The knee joint is composed of the articulating surface between the femur and the tibia and is stabilized by a complex combination of ligaments, cartilage, tendons, and muscles.

Ligaments including the anterior cruciate ligament (ACL), posterior cruciate ligament (PCL), medial collateral ligament (MCL) and lateral collateral ligament (LCL) all help to prevent excessive translational forces to stabilize the knee. The medial and lateral menisci support axial forces and help prevent excessive rotational forces (1). The popliteal artery and peroneal nerve pass through the knee in close proximity to these structures and are at high risk of injury (1).

Classification of knee dislocations 

There are several different classification systems used to describe knee dislocations (4). The three most common are (a) mechanism of injury classification, (b) kennedy positional classification system, and (c) schneck (ligamentous) classification system

  • Knee dislocations may be categorized as high-velocity, low-velocity, and ultra-low velocity.

    High-velocity dislocations are caused by sudden, extreme forces such as motor vehicle accidents or high velocity direct trauma, i.e. pedestrian struck or a fall from a significant height.

    Low-velocity injuries occur usually in sports settings. (1)
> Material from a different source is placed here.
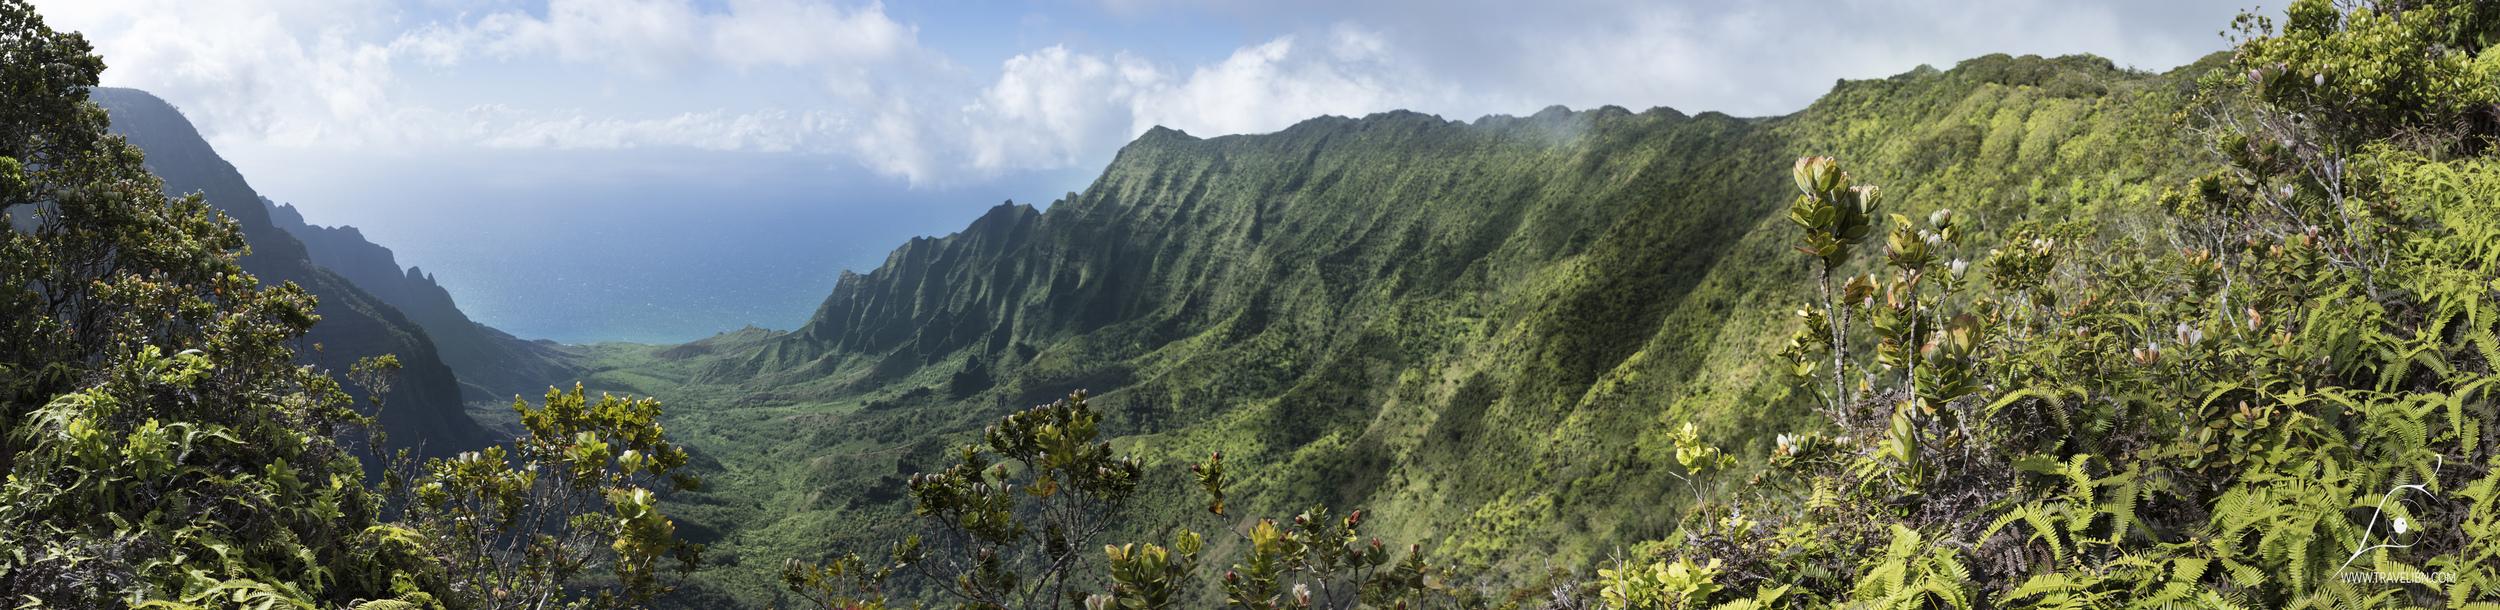 kalalau valley overlook.jpg

    Ultra-low-velocity injuries occur with activities of daily living, such as walking. (5)

    The utility of this classification system is questionable, as prognosis and vascular injury rates are similar between high and ultra-low velocity dislocations. (4)

  • This classification system describes the position of the tibia relative to the femur. Categories include anterior, posterior, medial, lateral, and rotary. This classification is simpler and more intuitive to use. However, it cannot be used on dislocations that self-reduce prior to presentation. (4)
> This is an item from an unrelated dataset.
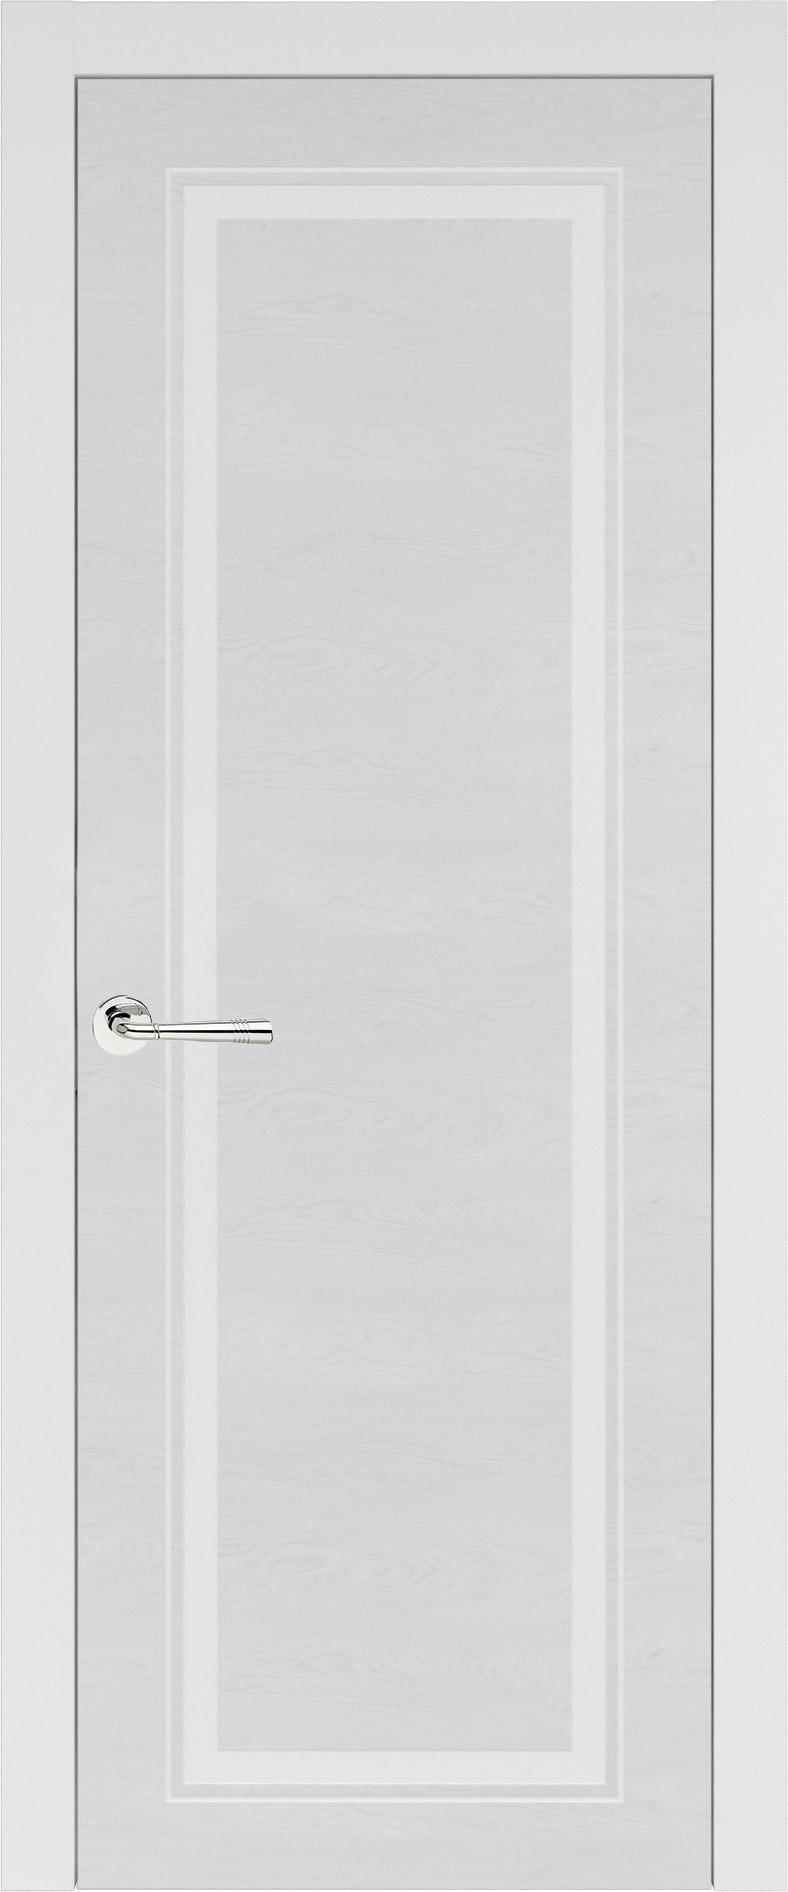 Domenica Neo Classic цвет - Белая эмаль по шпону (RAL 9003) Без стекла (ДГ)

    Anterior: Most common, usually occur with a forced hyperextension injury (1,4)

    Posterior: Often occur due to a direct blow to a flexed knee, i.e. striking a dashboard (2)

    Rotary: Subdivded into anteromedial, anterolateral, posteromedial, and posterolateral. Posterolateral rotary dislocations are the least common and often require open reduction in the OR (1)

  • This classification system categorizes the knee dislocation based on the degree of ligamentous injury. (4) This classification system is more specific but may be impractical to use in an Emergency Department setting. (1,4)

    Class 1: one cruciate ligament disrupted (ACL or PCL)

    Class 2: Both cruciate ligaments disrupted (ACL + PCL)

    Class 3: Both cruciate ligaments + 1 collateral ligament disrupted (ACL and PCL + MCL or LCL)

    Class 4: Both cruciate ligaments + both collateral ligaments disrupted (ACL, PCL, MCL, + LCL)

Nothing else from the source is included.